The task of building a campaign in support of the hunger strikers should have been carried out by those claiming to be further to the left than the Labour Party. But they, the CP, SWP/IMG under the umbrella of the Troops Out Movement, and the WRP and other assorted middle-class socialists refused point blank to build a campaign for political status. If the Labour lefts are the backside of the imperialist Labour Party these middle class socialists search through their droppings to find nuggets of gold. Every committee where they dominated was subservient to their alliance with the Labour lefts. Every proposal put was judged by its acceptability to the Labour lefts. The Irish peoples’ struggle, the agony of the hunger strikers was not even considered. The highpoint of their totally bankrupt campaign was the abject response of a vigil of only 300 people on the night of Bobby Sands’ death. This while thousands marched in the Capitals of other countries.

These middle class socialists sank even lower. Where real militant working class campaigns were being built in support of political status they openly sabotaged them.
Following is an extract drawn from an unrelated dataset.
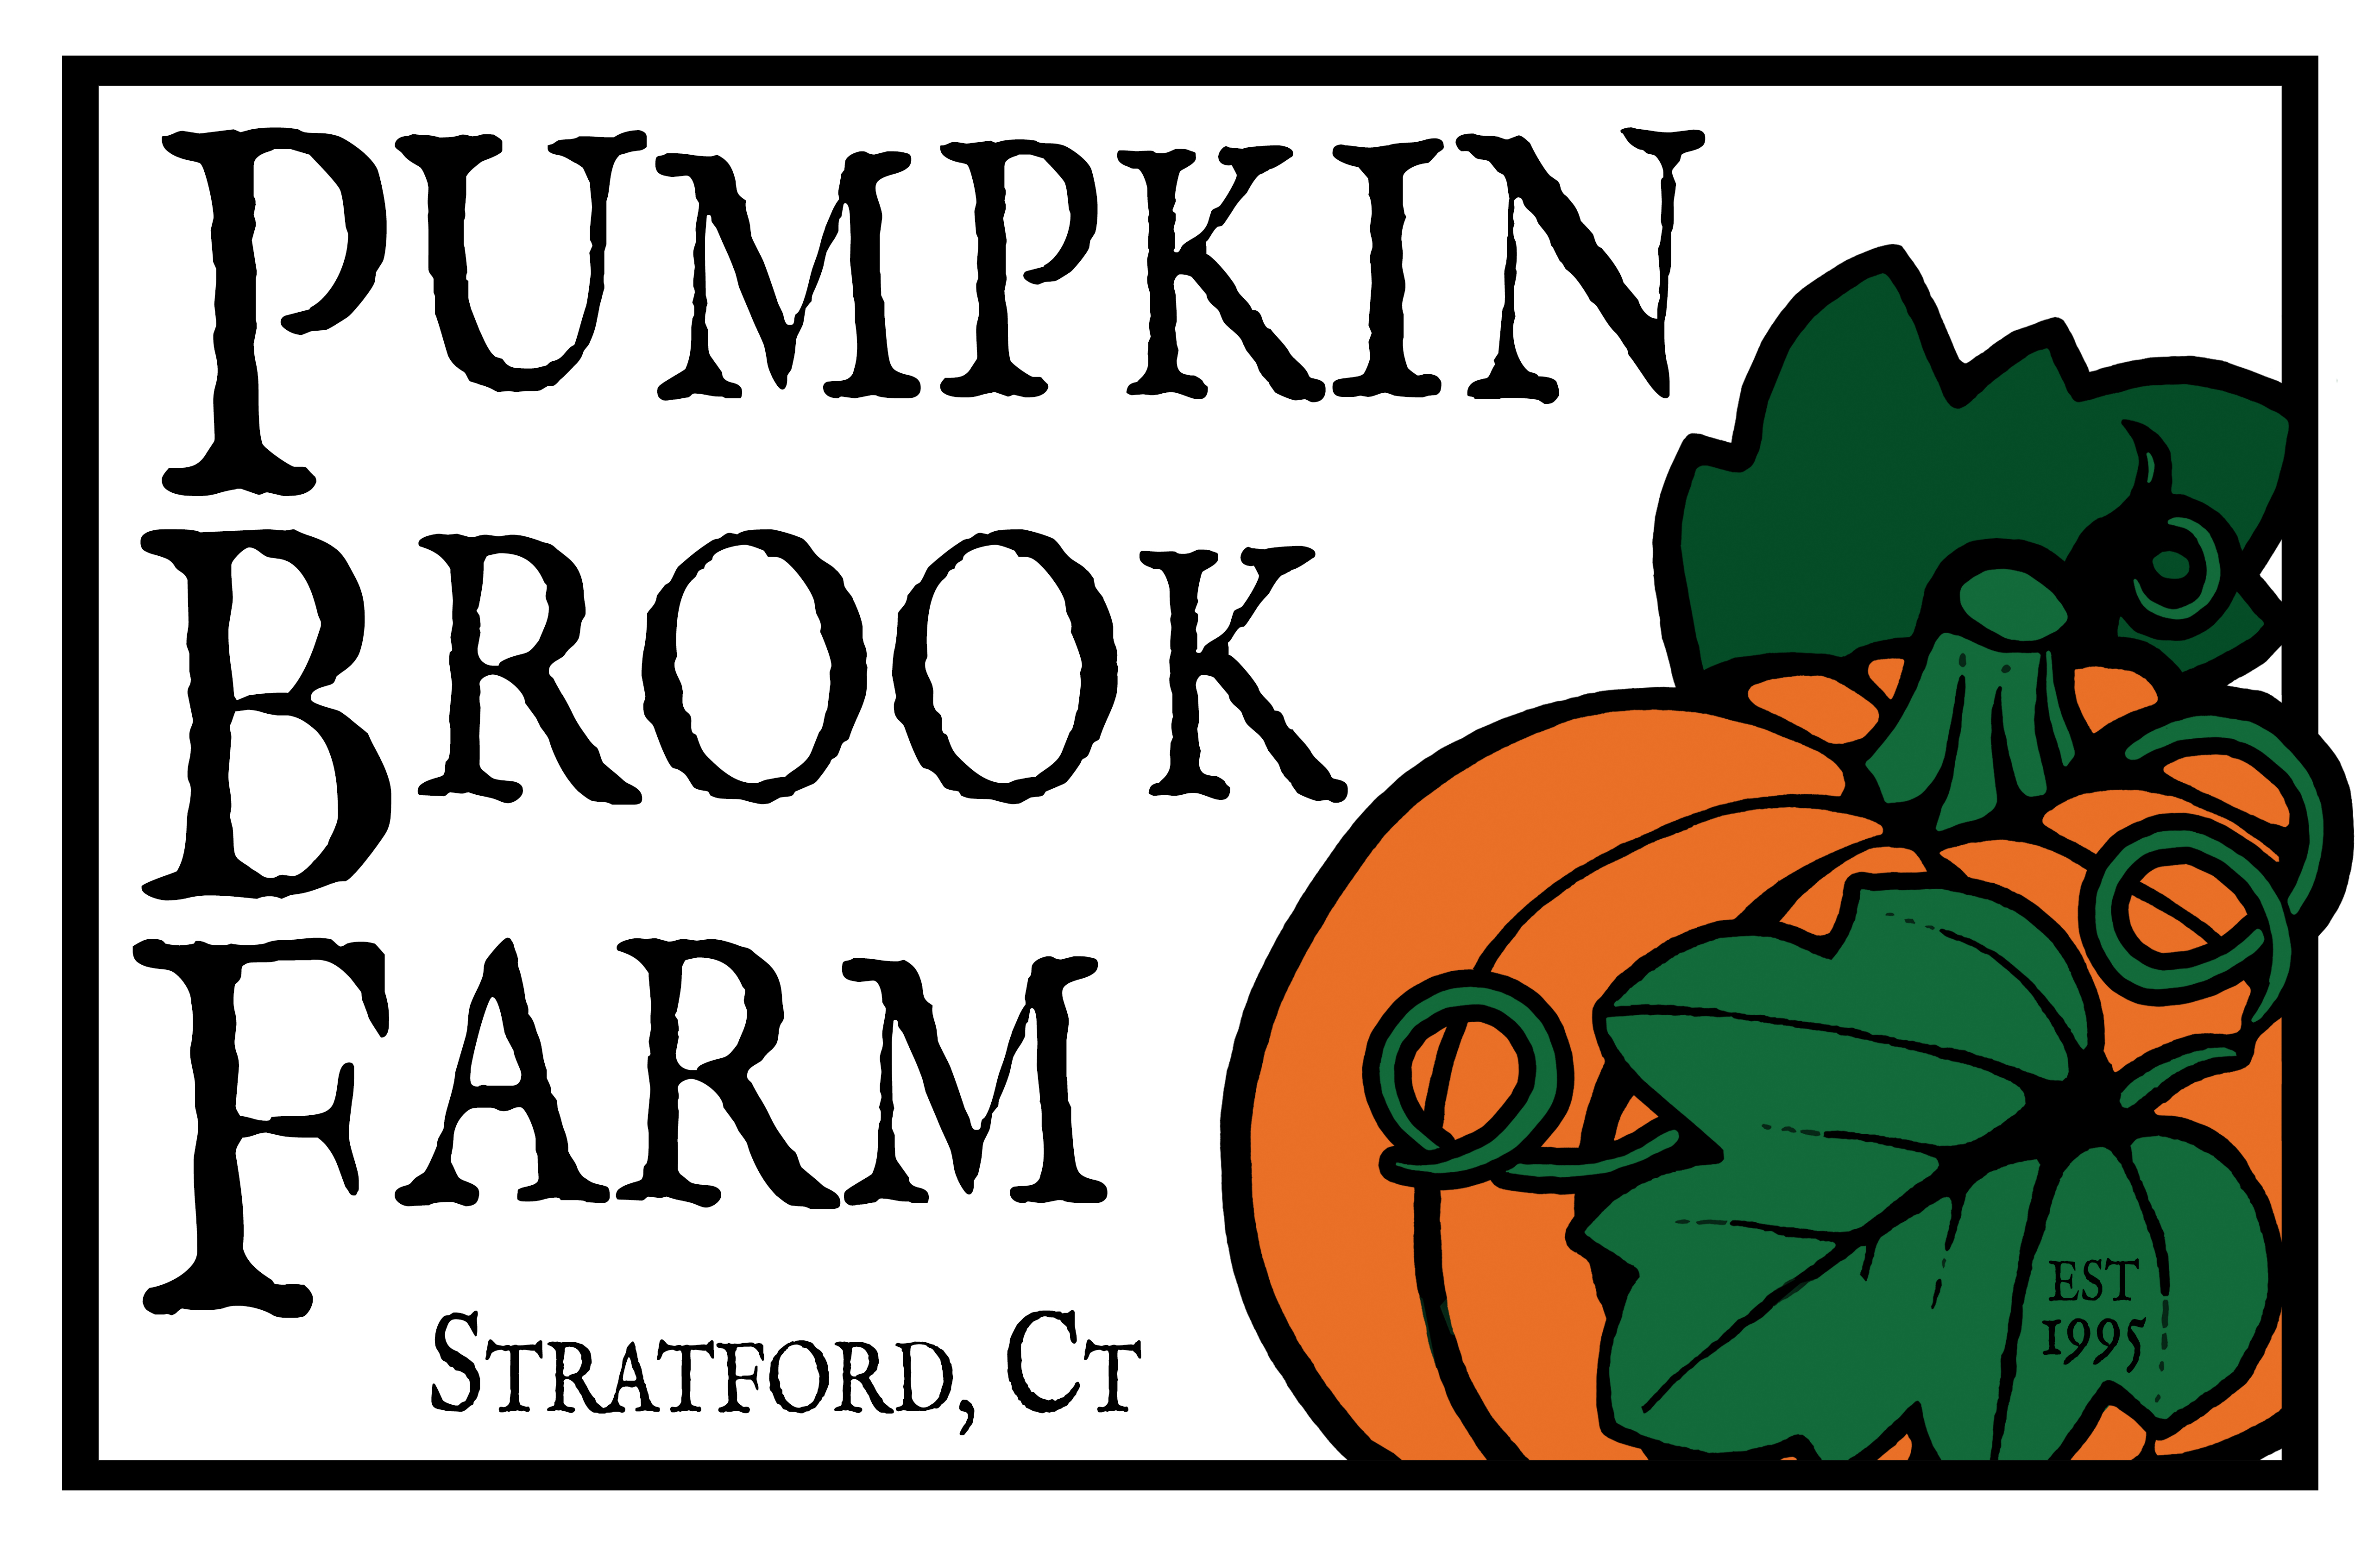 Pumpkin Brook Farm ONLINE ORDERING

In Scotland they even allied with Labour and Loyalist reactionaries in getting demonstrations in support of political status banned. They are the forces of the past.
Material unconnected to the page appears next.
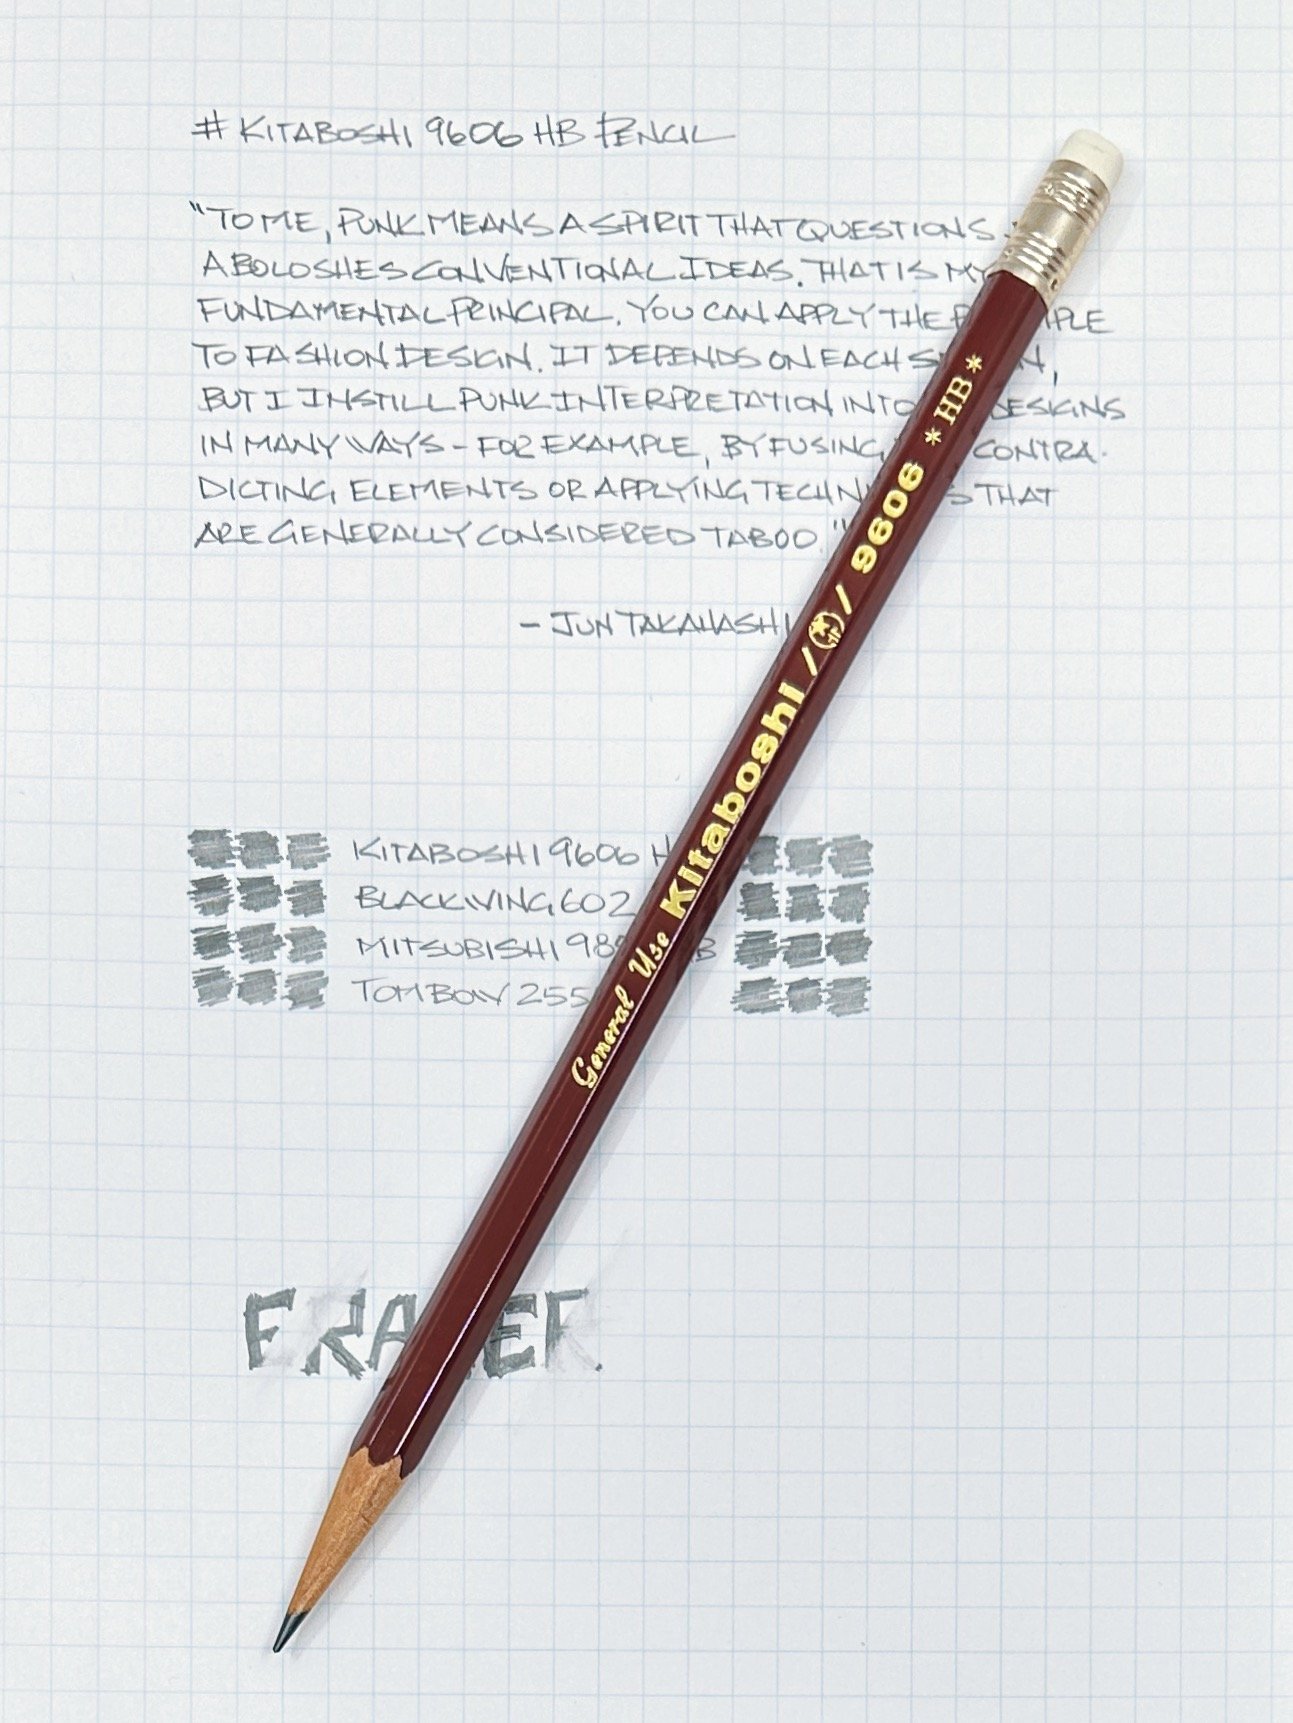 Kitaboshi 9606 HB Pencil Review — The Pen Addict

That the Government was forced to ban all demonstrations in Strathclyde for three months was proof of the growing strength of the campaign for political status there. This campaign was led by an alliance of the Revolutionary Communist Group and young Republican workers, particularly those in the Flute bands. Alone of the British left organisations, the RCG has campaigned everywhere against collaboration with the Labour lefts and for unconditional support for Irish political prisoners. But we failed to dent the reactionary alliance of the British middle class socialists with the imperialist Labour Party. The revolutionary forces in Britain are as yet too weak. Faced with the unopposed Government bans on demonstrations and marches and the sabotage of the British left, only revolutionary communists and other committed supporters of the Irish people’s struggle were prepared to risk isolation, attack and arrest. This work must go on and through it new revolutionary forces will emerge and new allies will be found.

These allies do not lie in the privileged and corrupt forces of the past —the official Labour movement, TUC and Labour Party, Labour lefts and their middle class socialist friends. The new forces lie within the most oppressed and poorest sections of the working class. It is no coincidence that as the revolutionary youth of Derry and Belfast fought pitched battles on the streets against British imperialist forces, so the black people of Brixton in alliance with a small number of whites drove the police out of their area.
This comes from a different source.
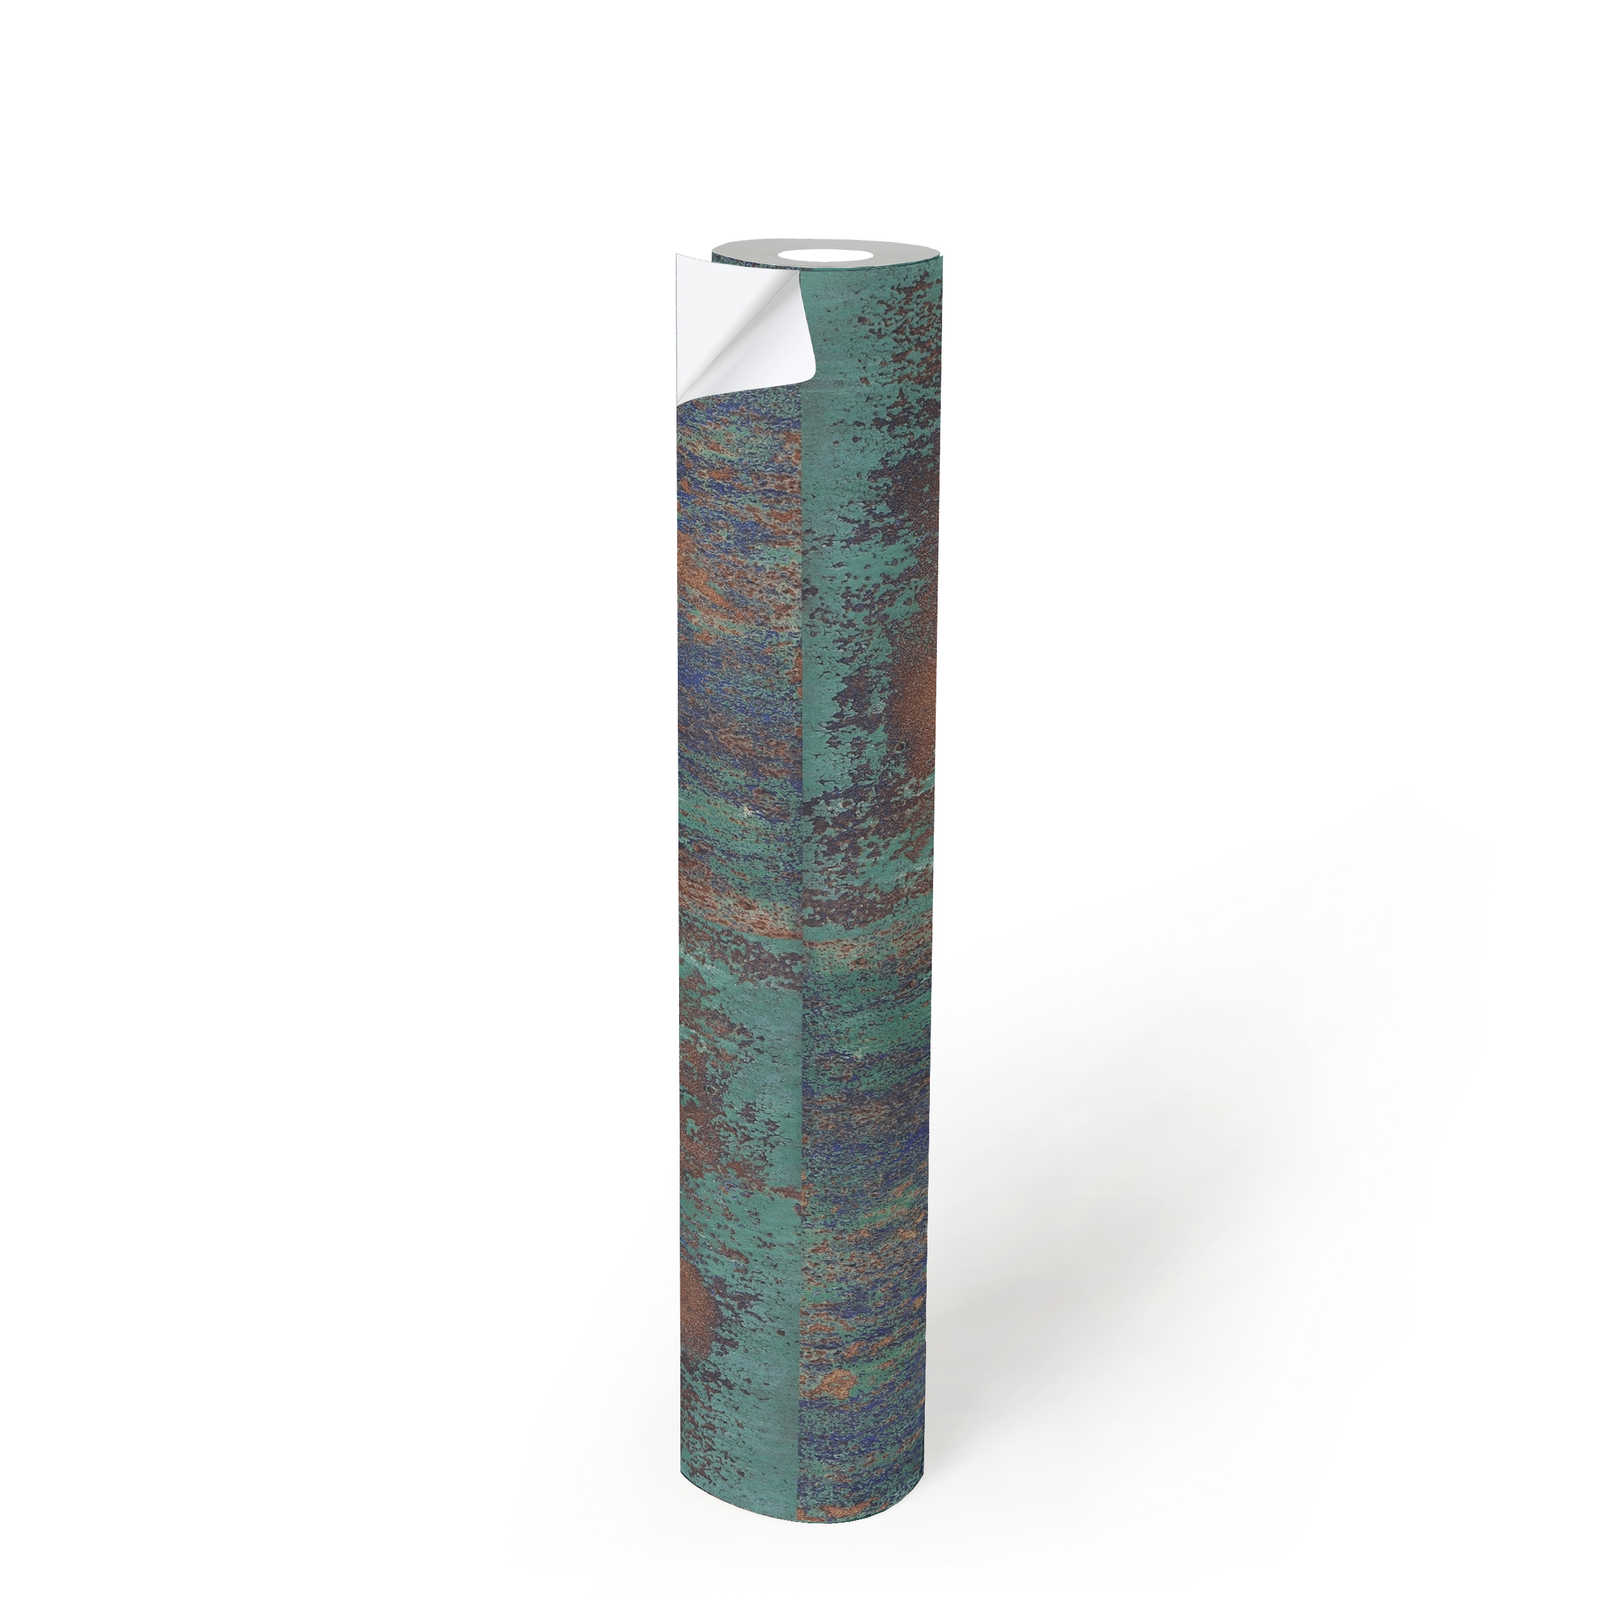             Papel pintado autoadhesivo | diseño de aspecto oxidado metal rústico - azul, marrón

British imperialism has nothing but oppression and poverty to offer them. They have no illusions in the institutions of British imperialist democracy. They, like the Irish have been forced to take the revolutionary and insurrectionist road. Only such forces are capable of the dedication and sacrifice which is necessary in the struggle against British imperialism here at home. Only such forces will risk the arrest, imprisonment and immense hardship which comes through participation in this fight. Only from such ranks will there be those who will follow the courageous lead set by Bobby Sands.

These are the real allies of the Irish people. From their ranks a new revolutionary anti-imperialist movement will be built. These are the forces of revolution.